*** Begin section ***

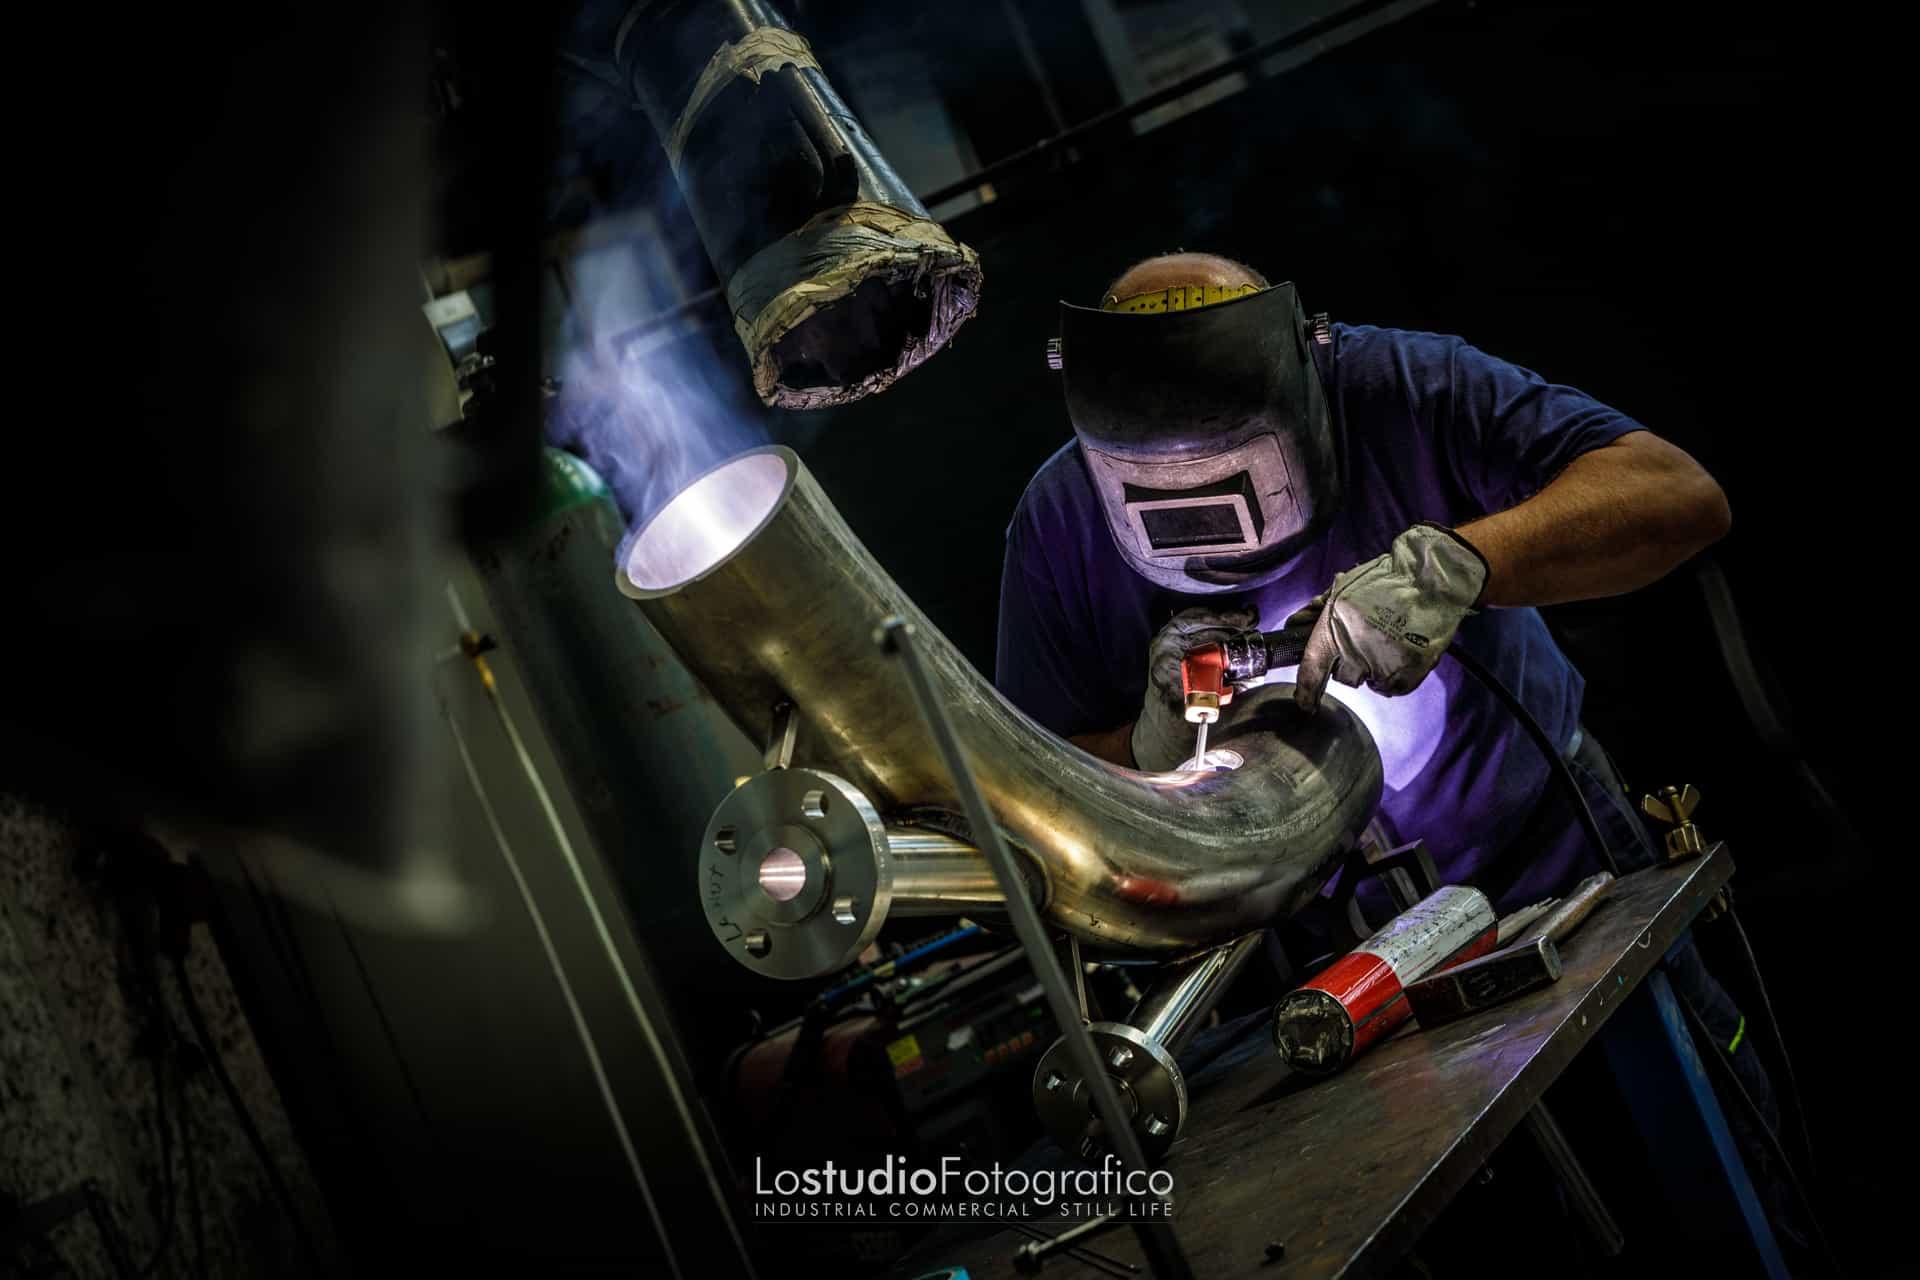 Fotografia industriale Vicenza. Studio fotografico professionale, reportage industriale, servizi fotografici per aziende in Veneto.
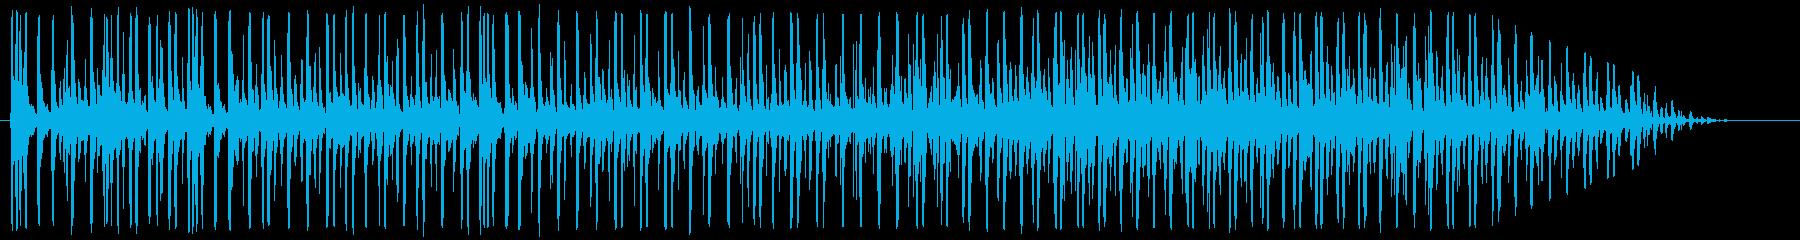 ザパテアードアンドバッスルの再生済みの波形
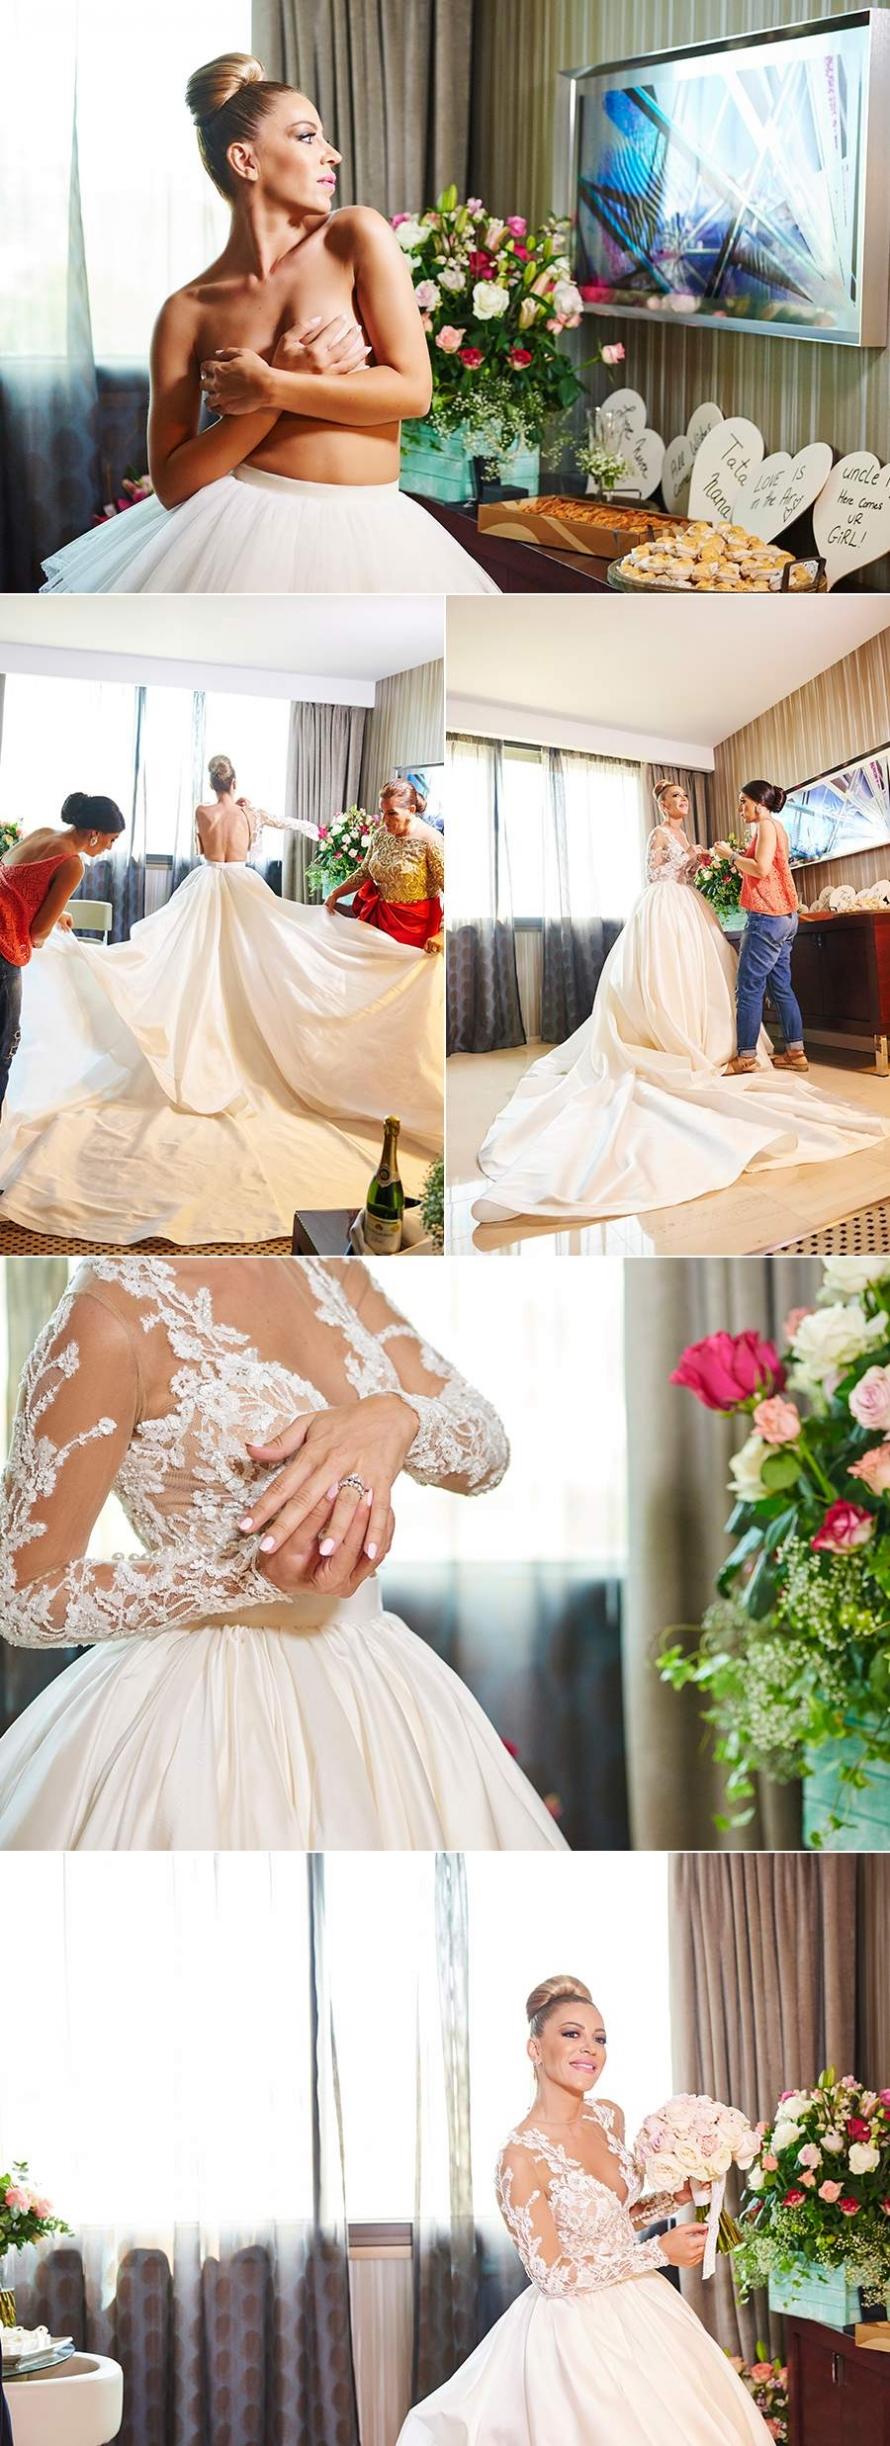 Fady Rana wedding photo 04
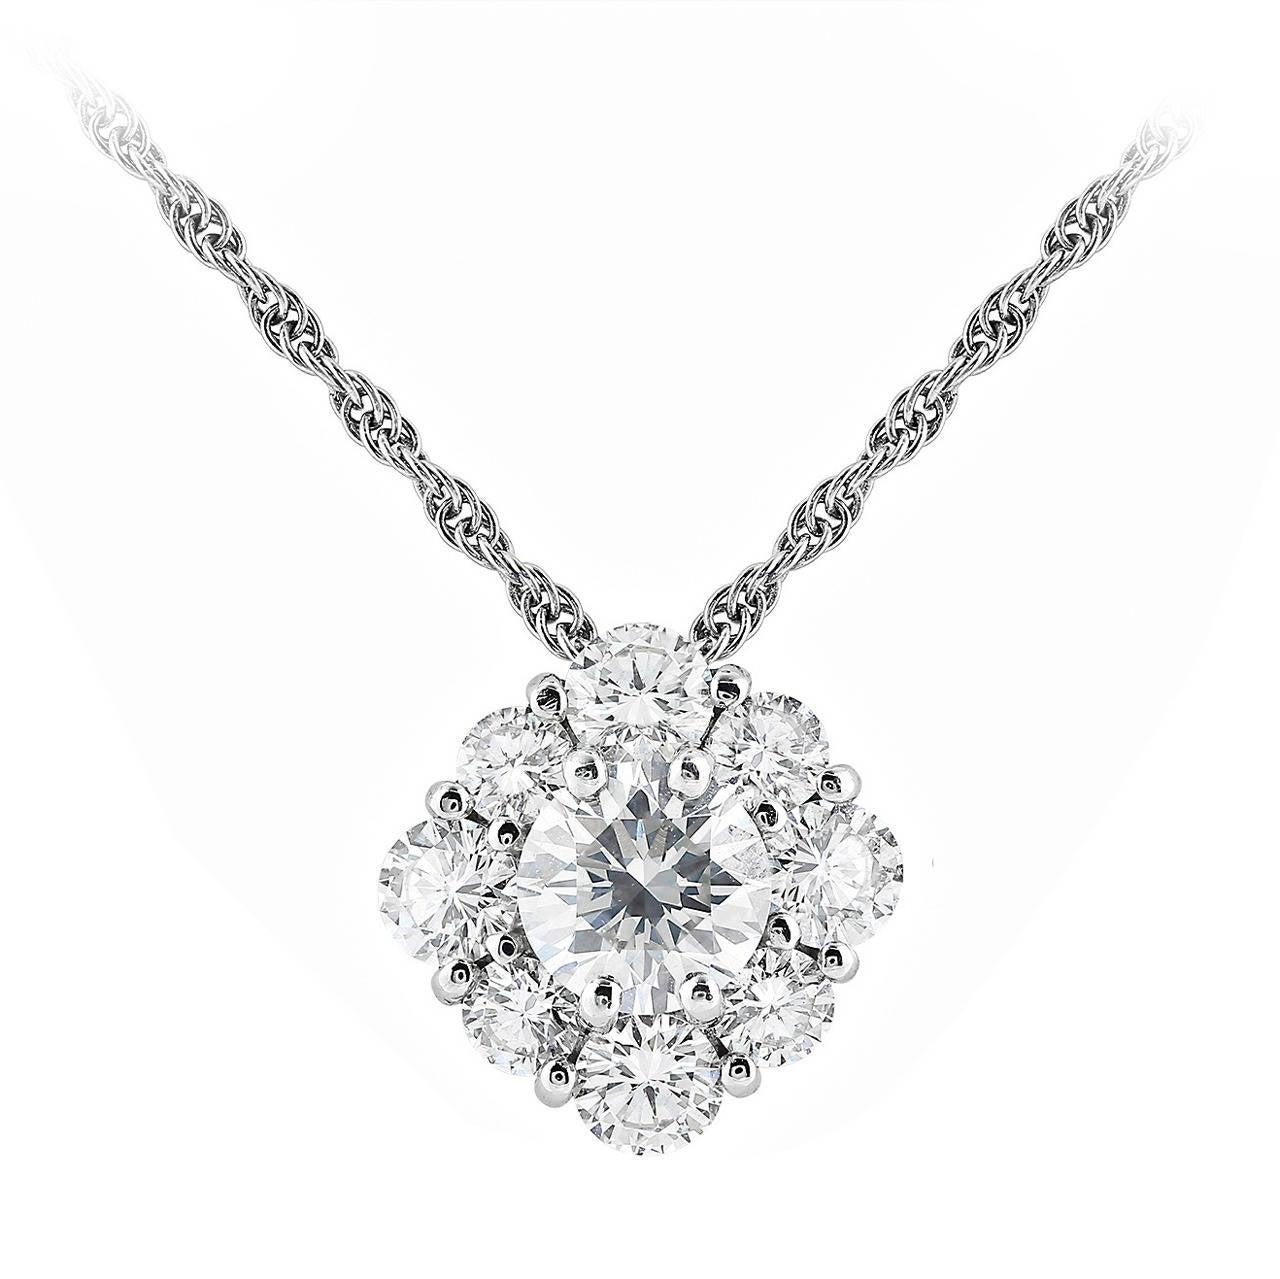 1.64 Carat Diamond Cluster Pendant 1

*** End section ***

> EXERCISE DESCRIPTION: What you return must match the material above exactly, apart from its pictures.

> RESPONSE:
 Fotografia industriale Vicenza. Studio fotografico professionale, reportage industriale, servizi fotografici per aziende in Veneto.
 ザパテアードアンドバッスルの再生済みの波形
 Fady Rana wedding photo 04
 1.64 Carat Diamond Cluster Pendant 1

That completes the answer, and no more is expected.